Without that extra load to carry, the Irish state might have been able to cut spending and sort out our financial crisis without having to take a bailout.  But we were forced into taking the bailout and into agreeing that the Irish state would pay back all the bank debt.   

As I have said before here, we were stitched up.  

The reason given by Europe at the time was that any bank collapse or any burning of bondholders would shatter confidence in the markets and have a domino effect across the other weak countries.  

But there's been a lot of water under the bridges in Greece, Portugal, Spain and Italy since then.  The increasingly desperate attempts in Europe to stop the spreading financial contagion led to the realization that loading up these countries with sovereign debt on top of accumulated budget debt was likely to make the situation worse, not better. 

So we have the new ESM bailout fund, due to kick in next month, which seems to be willing to muddy the water about exactly what is sovereign debt.  And we have the ECB President Mario Draghi twisting German arms to get agreement that the bank can buy bonds of countries in trouble without any limits and at much lower rates that the markets demand.
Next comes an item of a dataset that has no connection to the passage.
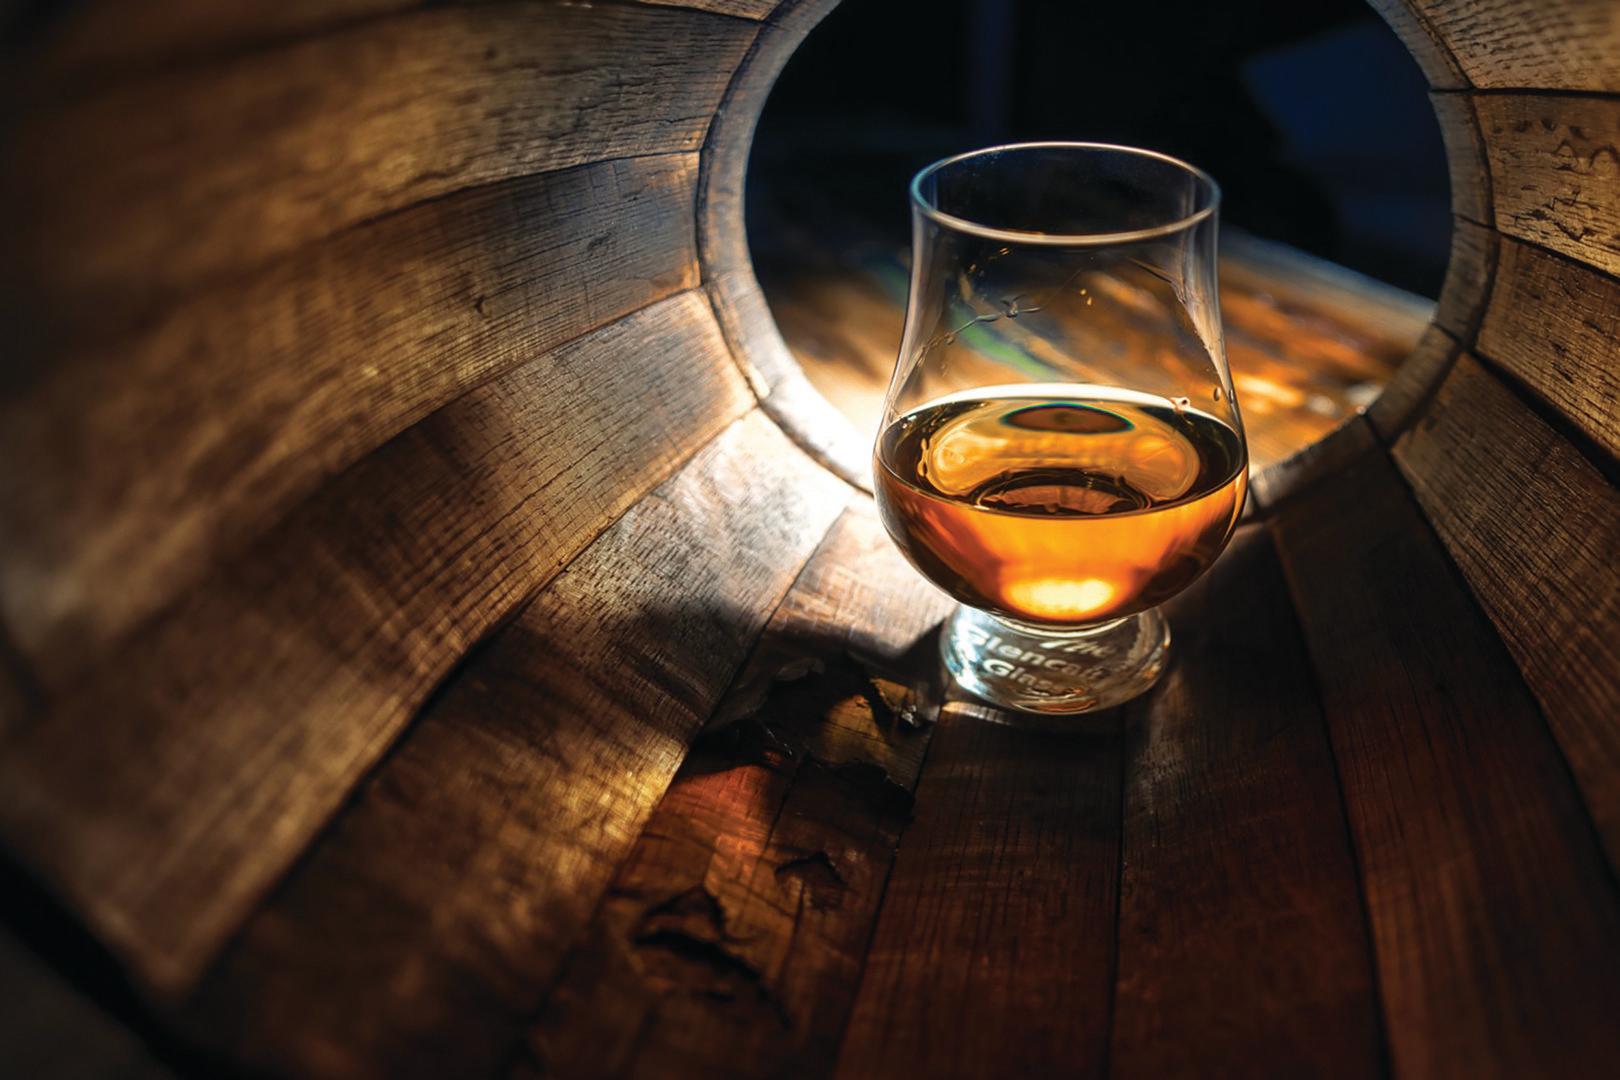 珍稀日本威士忌價值媲美黃金 - WineNow HK 專欄文章

So when Spain gets into the same kind of trouble Ireland is in, a different set of rules is being applied.

The reason is that if Spain or Italy were to collapse, the euro would be finished and the European Union would be in serious trouble. 

At the EU finance ministers meeting last week, all the concentration was on the bigger problem of Spain rather than on finding a way of lessening the burden on a little country like Ireland.  So we
were ignored, apart from the few pats on Michael's shiny head.   

In a way, our good behavior in meeting all the budget targets set by the EU-IMF has worked against us.  We have also managed to get back in the bond markets ahead of schedule, even if it is on a very limited basis, and that has allowed the powers that be in Europe to think that we are doing okay and don't need to be given a break on our debt. 

Nothing could be further from the truth.  The crushing debt burden we have to service is taking billions out of here every year and will go on doing so way into the future, leaving state services cut to the bone and no money left for the investment we need to make to get our half a million unemployed back to work.

Most economists here agree that although we can muddle on for a few years, there can be no long term solution to our financial crisis without debt forgiveness or sharing. 

Apart from that, of course, there is the moral question.  Why should Irish taxpayers who played no part in the property bubble have to pay back the money lost by German and French banks and bondholders who gambled on the Irish property boom by lending billions to our banks?   They lost the bet but they still get all their money back?

Meanwhile, the Irish taxpayer is being fleeced.  Where is the justice or fairness in that? 

It's not that the EU has anything in particular against Ireland.  It's just that we were unlucky enough to be the first EU country to hit the skids, and we have been forgotten in the chaos that has ensued. 

The EU, for all its talk, is hopeless at taking action.  It puts every decision off until a crisis looms and even then it is slow. 

In the EU's view, Ireland does not need immediate fire engine intervention, so it can be left to one side for the moment while more pressing matters are dealt with. That may sound simple, but it's true. 

The only way out of this is to ditch our “best boy in the class” image and become awkward and difficult like Greece or Spain.  It's not in our nature to complain, of course. (That's what 800 years of oppression does to you!)

But the next time Noonan gets a pat on the head instead of debt relief, we should all be out on the streets. 

You don't think we're up to it?  Just wait a couple of months.  The upcoming budget in December could be the turning point.